4. The Clash, London Calling

The problem with youth rebellion is how it advocates the deconstruction of social order without offering an alternative. The Sex Pistols were guilty of this, although their music was too exciting to care about that sort of stuff. London Calling kind of is at fault, too, but its lasting impact lies in how it’s more pro than anti. As it moved away from the punk template, The Clash’s greatest album gave a space to those that gave color within a crumbling bureaucracy, whether we’re shouting out those who were about that live-fast-die-young life (“Death or Glory”) or paying tribute to the rude boys of Jamaica (“Rudie Can’t Fail”). And so we sustain as the Thames River rises.

3. 2Pac, All Eyez On Me

All Eyez on Me pushed 2Pac’s Thug Life maxim thrice-fold, which inherently makes it an all-time scepter for West Coast hip-hop. It also symbolized his deal with the devil, too; Shakur signed with Death Row in exchange for Suge Knight bailing him out of jail. But All Eyez On Me isn’t the sound of 2Pac rapping with chains around his ankles. While the superior Me Against The World examined 2Pac the person, All Eyez On Me was the most potent presentation of 2Pac the person. It boisterously laid out his complexities, chutzpah and paranoia. Shakur is a folk hero after death, and All Eyez On Me lays at the center of his mythology.

2. Stevie Wonder, Songs in the Key of Life

Stevie Wonder’s best albums always had a sense of joy, but he’s had to fight for it. Ronald Reagan was consistently full of sh*t. Poverty and racism afflicted the black community. Women broke his heart. There’s something powerful about smiling through that pain, but Songs in the Key of Life carried a whole other light after stripping some of that determinism. It’s virtuoso musicianship propelled by love: love of mother Earth (“As”), love of blackness (“Black Man”), and an audacious love that transcends time (the album-ending “Another Star”). Songs in the Key of Life bookended one of the greatest streaks in pop history (Music of My Mind, Talking Book, Innervisions and Fulfillingness’ First Finale). If it was Wonder’s lone masterpiece, he’d still be in pop culture’s history books.

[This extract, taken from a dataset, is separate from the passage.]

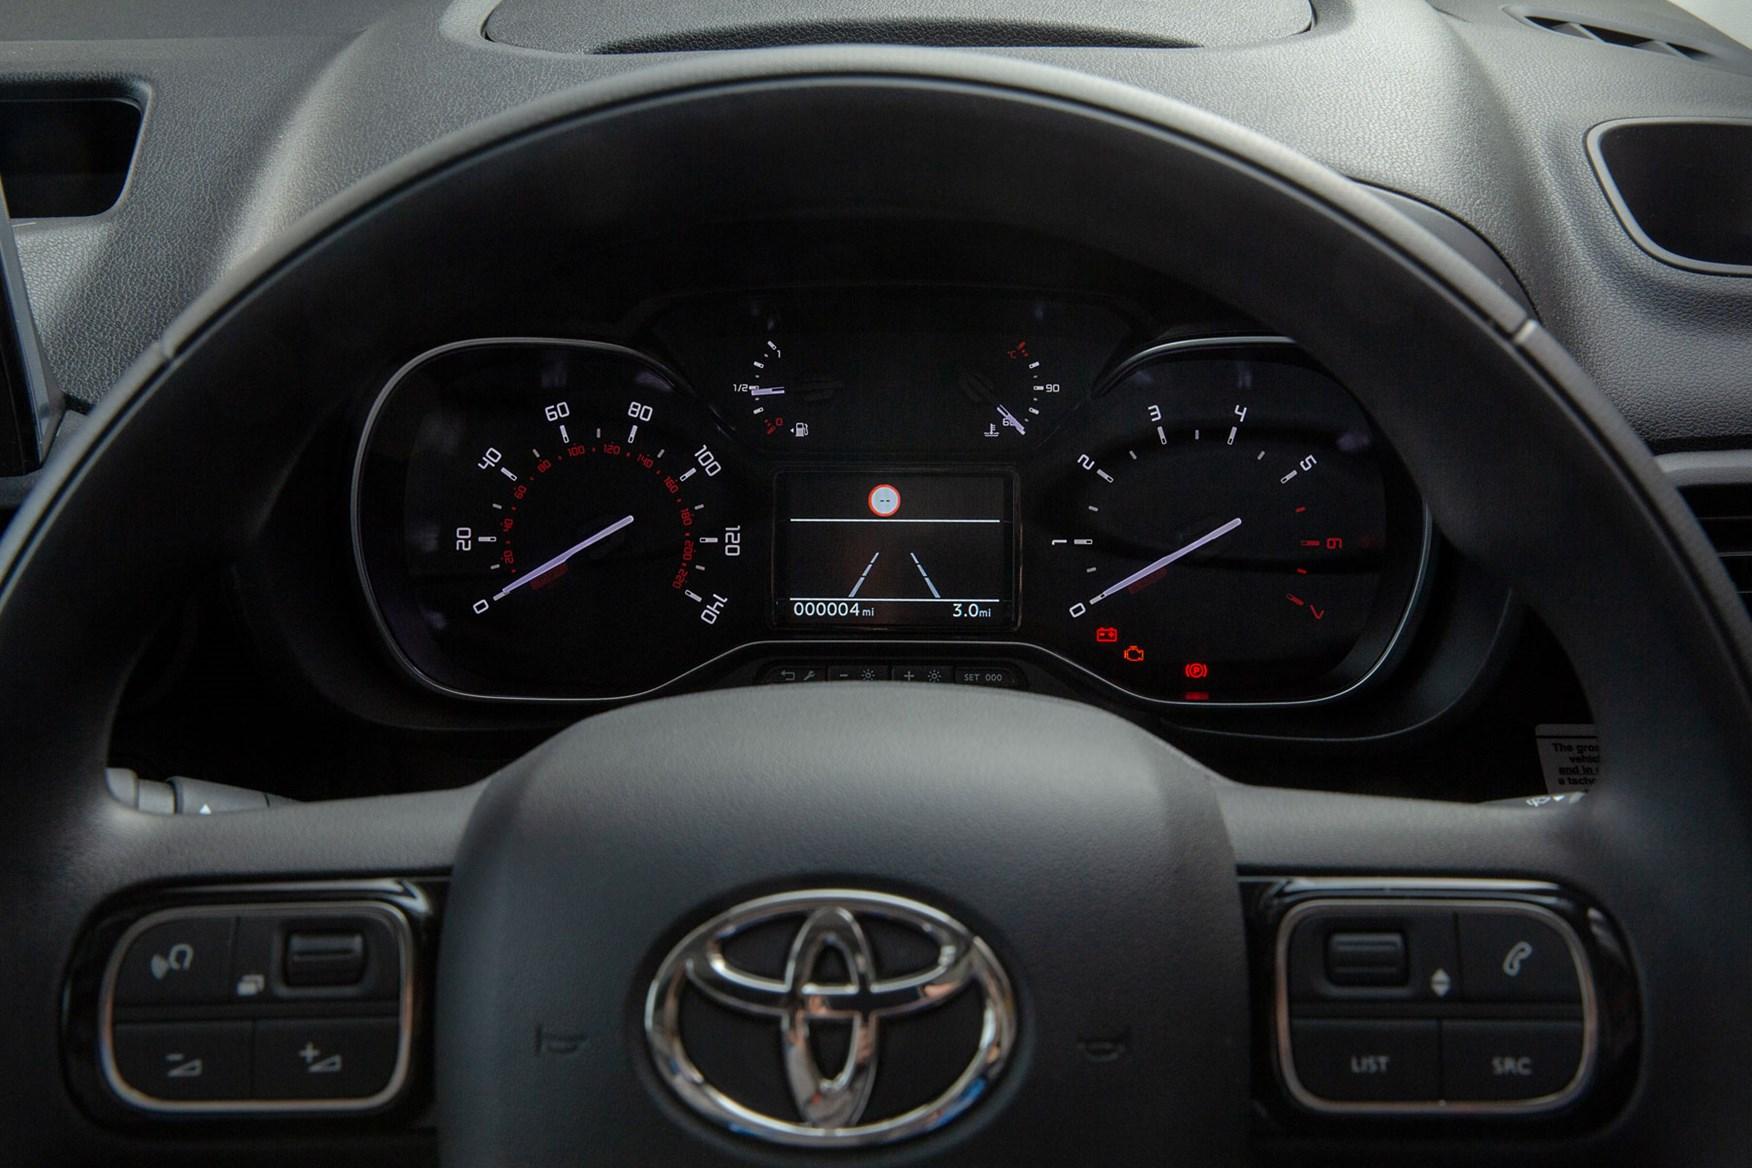 2020 Toyota Proace City review - cab interior, gauges

1. Prince, Sign O’ The Times

[Go to Spotify or something. Prince and YouTube don’t mix]

The only way you’d know that a good portion of Sign O’ The Times was leftovers is if you looked it up. Actually, a majority of the tracklist comes from the aborted Camille and Dream Factory sessions. But regardless of whatever skeletal or edited state they were in, they appear fully realized, whether the songs are deeply subversive (“If I Were Your Girlfriend”) or just focused on whimsy (“Play in the Sunshine”). Sign O’ The Times is all over the place. Although it’s frenzied, Prince’s final classic is somehow copacetic in its sequencing, impressively weaving through primal pleasures (“It”) and the like before closing with “Adore,” his most endearing ballad. When Sign O’ The Times was released, Prince had already lost the race for biggest pop star ever to Michael Jackson by a couple million units. But Sign O’ The Times made it clear Prince was at least pop’s most kaleidoscopic star, and people are still dancing 28 years later as a result.